Yale Student Venture Focused on Amputees Wins Award


Penta Group Vietnam team members meet with a patient. Photograph courtesy of Penta Group Vietnam and YEI.

A team developing a nonprofit to provide used prosthetic limbs to people with amputations in Vietnam won the 2017 Yale College Dean’s Challenge on Social Innovation. The Penta Group Vietnam team includes cofounders Victor Wang and Henry Iseman, both juniors at Yale, and Trang Duong, a junior at Brown University. Duong is a Vietnam native, raised in Saigon, where she was exposed to the difficulties faced by people living with limb disabilities. There are four million people in Vietnam with amputations who need prostheses, many of whom cannot afford the cost and thus use low-quality plastic or wood prostheses

The team is amassing patient information and outlets for used prostheses via an online platform to ensure quality control and personalized service for donors and recipients, and is working directly with the largest orthopedic hospital in Ho Chi Minh City to repurpose the prosthetic components.

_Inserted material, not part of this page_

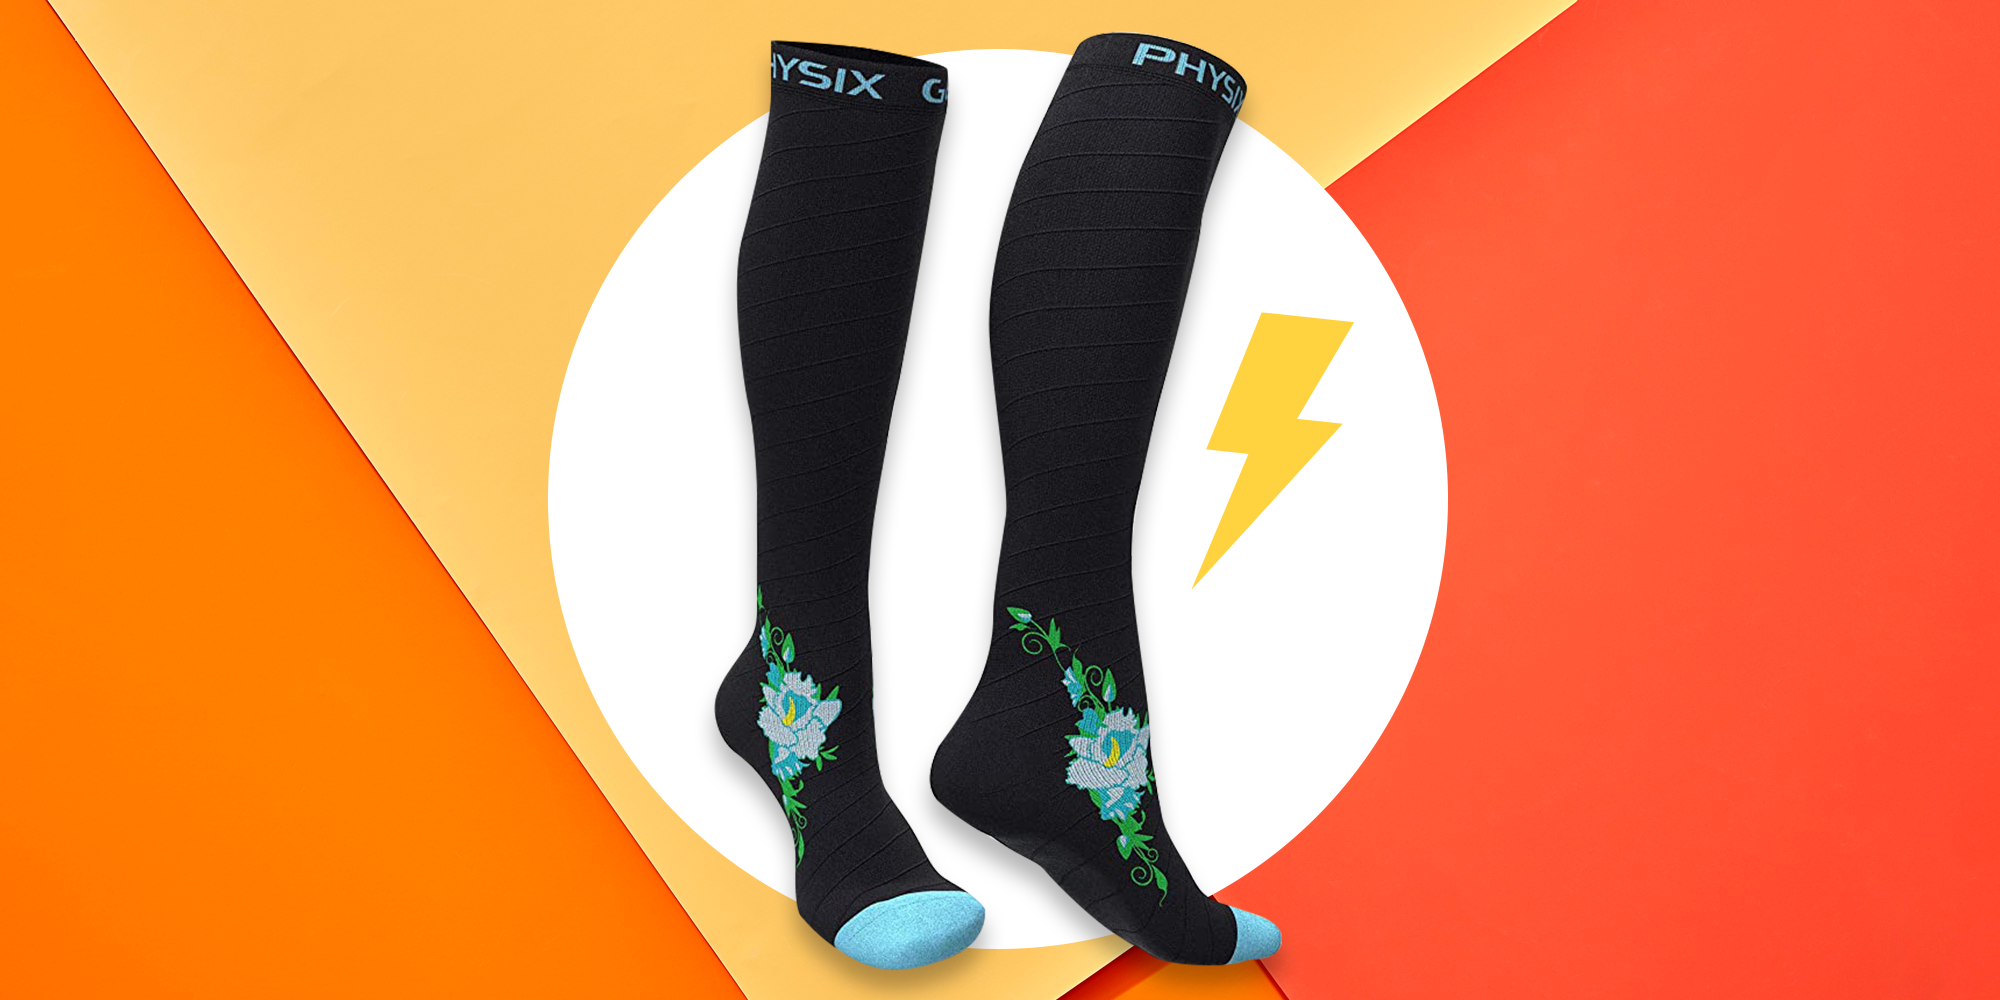 Compression Socks for Women and Men-Best Medical,for Running,Nursing,Circulation & Recovery Hiking Travel & Flight Socks-20-25mmHg

People can donate by emailing photos of the prosthetic limbs to pentagroupvietnam@gmail.com and get a free shipping label within 24 hours. After the prostheses have been repurposed, donors are sent a short profile of the person who has been fitted with their equipment and what they plan to do after regaining mobility.

Penta is piloting the platform this summer, and has developed a patient list of more than 1,000 people; because their model relies on costs being covered by patients, it’s scalable. The three have been working on the project in the United States and in Vietnam for the past year. The venture has also been awarded a grant from the Clinton Global Foundation and Brown University’s Social Innovation Fellowship.

The Dean’s Challenge is a special designation given by Yale College Dean Jonathan Holloway in partnership with the Yale Entrepreneurial Institute (YEI) to one undergraduate social venture applying to the YEI Fellowship. Twenty teams met the criteria this year, which included addressing a serious global issue and proposing a startup solution that could improve a significant number of lives.

Editor’s note: This story was adapted from materials provided by Brita Belli, YEI communications officer.